Capacity-Constrained Online Convex Optimization with Delayed Feedback

Online learning with delayed feedback typically assumes that the learner can track all pending rounds until their feedback arrives. In practice, tracking resources are finite, and feedback from untracked rounds is permanently lost. In this paper, we study delayed online convex optimization (OCO) under a hard capacity constraint, where at most $C$ pending rounds can be tracked at any time. To model delay information, we introduce a semi-clairvoyant model that refines the clairvoyant assumption from prior work: rather than requiring delays to be known at prediction time, the learner observes delay expirations online, consistent with the classical unconstrained delayed setting. Our approach proceeds via a reduction to a novel ``delayed and weighted'' OCO problem, using a scheduler that randomizes tracking decisions and importance-weights the resulting observations. For this base problem, we propose and analyze Delayed-Weighted FTRL and its bandit analogue, establishing regret bounds that explicitly characterize the interaction between time-varying weights and delayed feedback. Combining these base learners with our schedulers yields the first regret guarantees for capacity-constrained OCO under convex and strongly convex losses, for both first-order and bandit feedback. For first-order feedback, capacity $C = Ω(\log T)$ suffices to recover standard delayed OCO rates up to logarithmic factors. For bandit feedback, the regret rates are modulated by powers of $(1 + σ_{\text{max}}/C)$, where $σ_{\text{max}}$ is the maximum number of pending observations at any time. This allows the regret bound to degrade gracefully when $C < σ_{\text{max}}$, while remaining sublinear.

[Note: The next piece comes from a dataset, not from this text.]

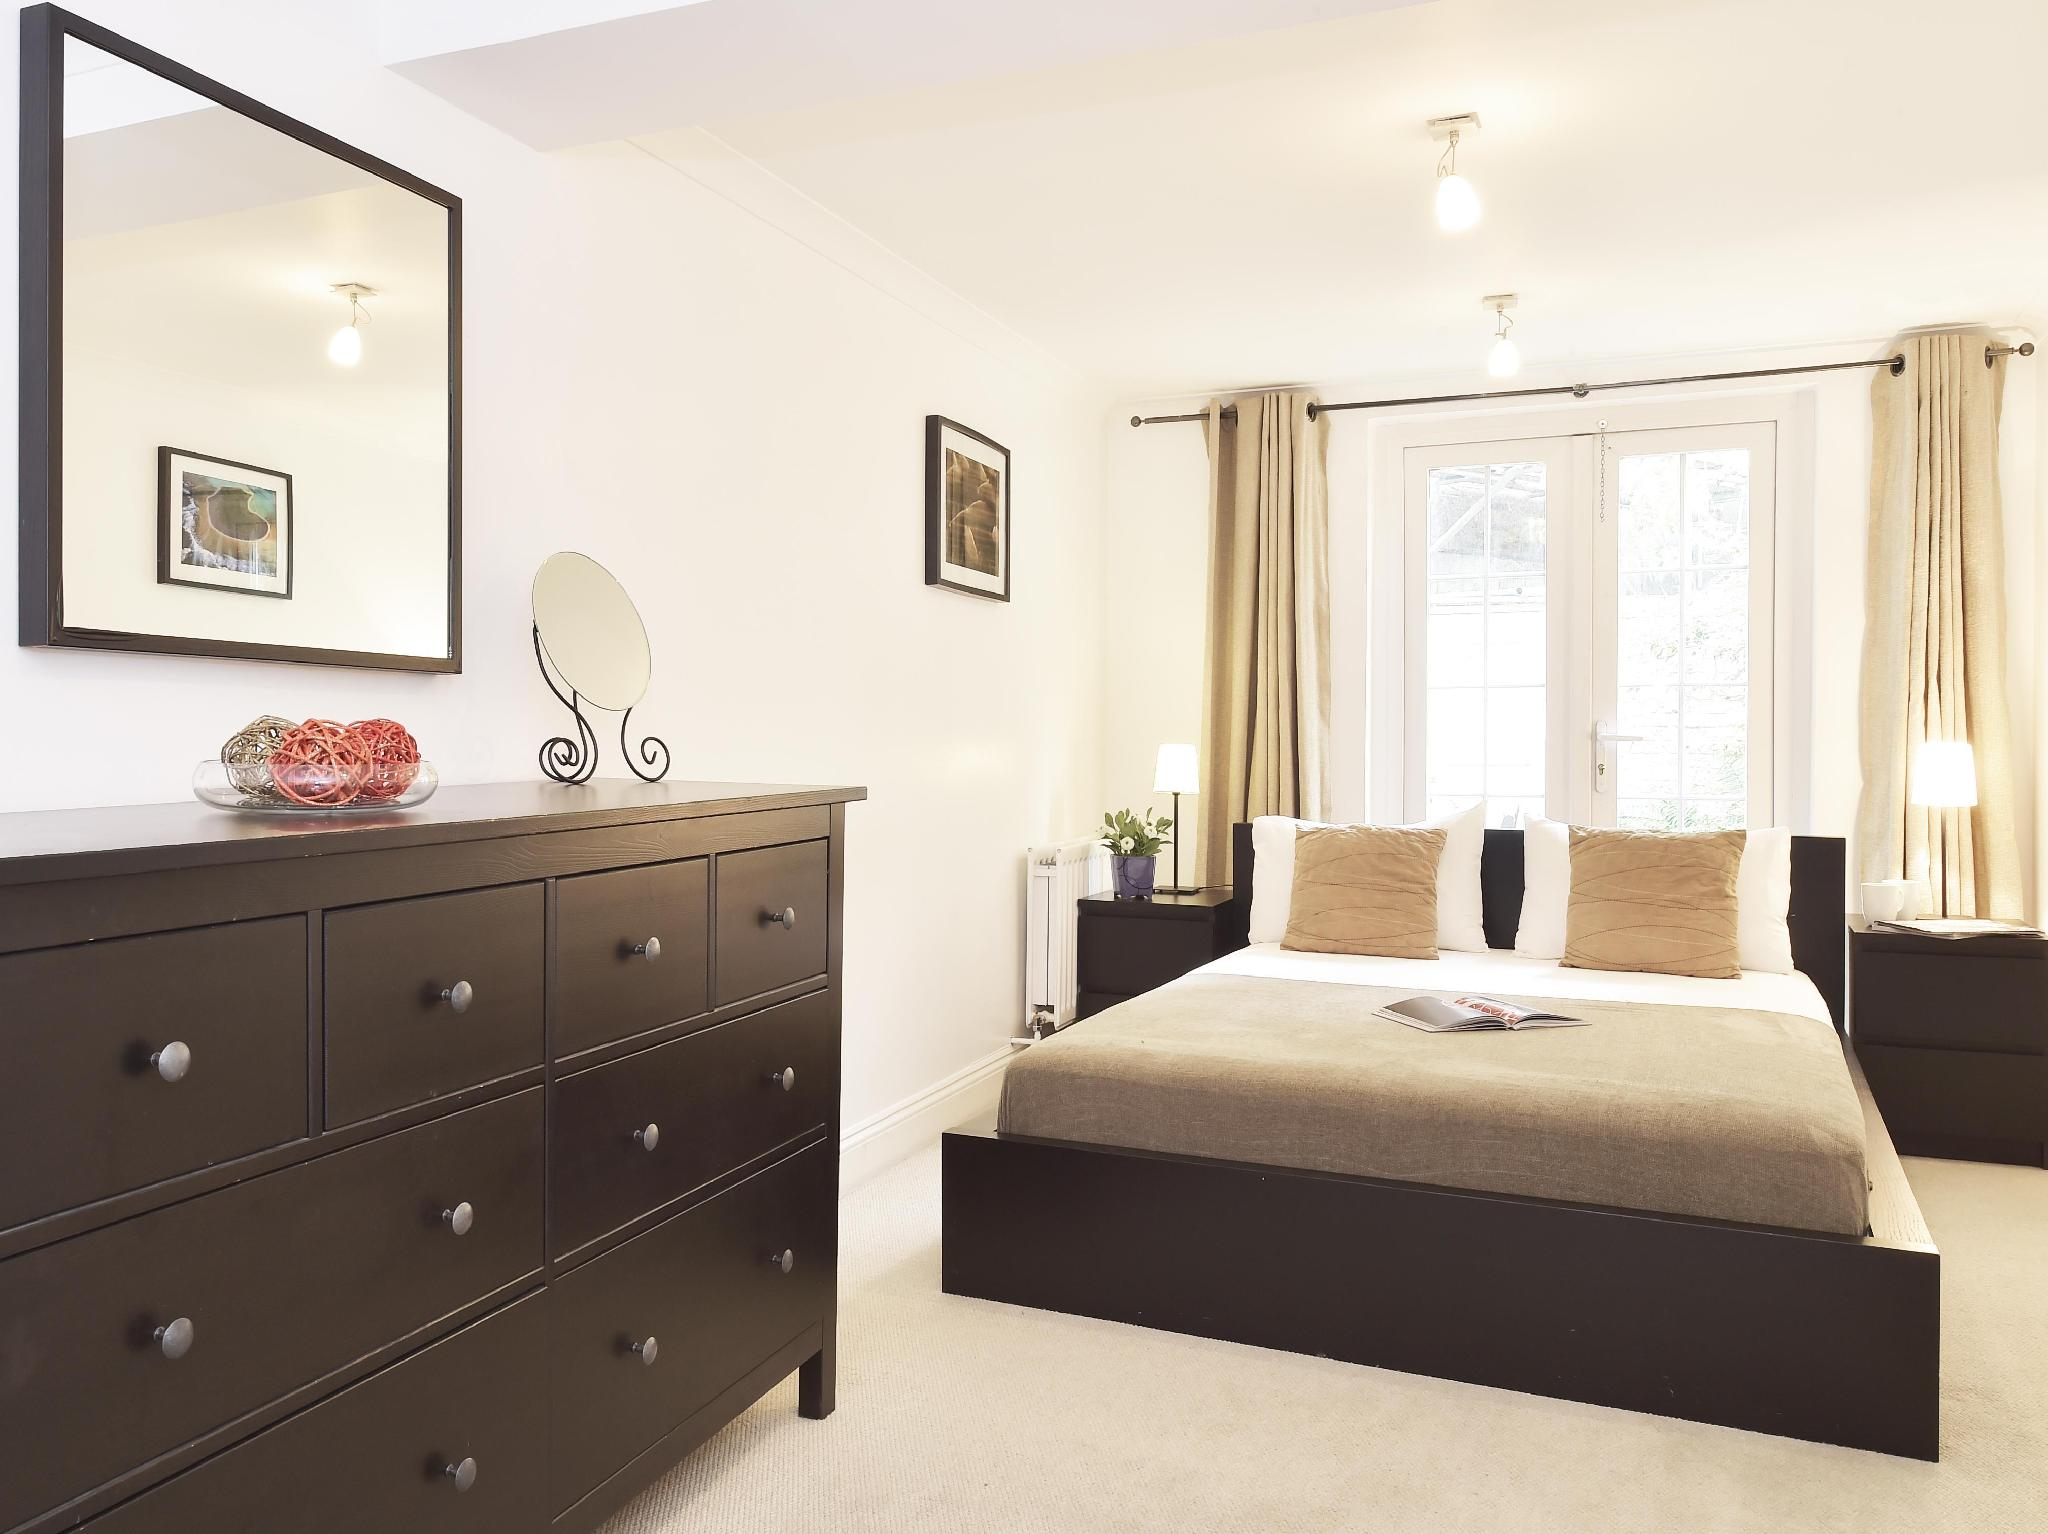 camden nike apartments london from 177 save on agoda rh agoda com

翻译：具有延迟反馈的在线学习通常假设学习者可以跟踪所有待处理轮次直至其反馈到达。然而实践中，跟踪资源是有限的，未被跟踪轮次的反馈将永久丢失。本文研究在严格容量约束下的延迟在线凸优化问题，其中任意时刻最多可跟踪C个待处理轮次。为建模延迟信息，我们提出一种半预见性模型，该模型细化了先前工作中的全预见假设：学习者无需在预测时已知延迟，而是像经典无约束延迟设置一样，在延迟到期时在线观察延迟信息。我们的方法通过将问题归约为新颖的"延迟加权"在线凸优化问题来实现，其中采用随机化跟踪决策的调度器，并对产生的观测结果进行重要性加权。针对该基础问题，我们提出并分析了延迟加权FTRL算法及其对应的赌博机算法，建立了明确刻画时变权重与延迟反馈交互关系的遗憾上界。将上述基础学习器与我们的调度器相结合，首次获得了凸损失与强凸损失下容量受限在线凸优化问题的一阶反馈和赌博机反馈的遗憾保证。对于一阶反馈，容量C = Ω(log T)即可在忽略对数因子恢复标准延迟在线凸优化的收敛速率。对于赌博机反馈，遗憾率由(1 + σ_max/C)的幂次决定，其中σ_max为任意时刻最大待处理观测数。这使得当C < σ_max时，遗憾界能够优雅退化，同时保持次线性特性。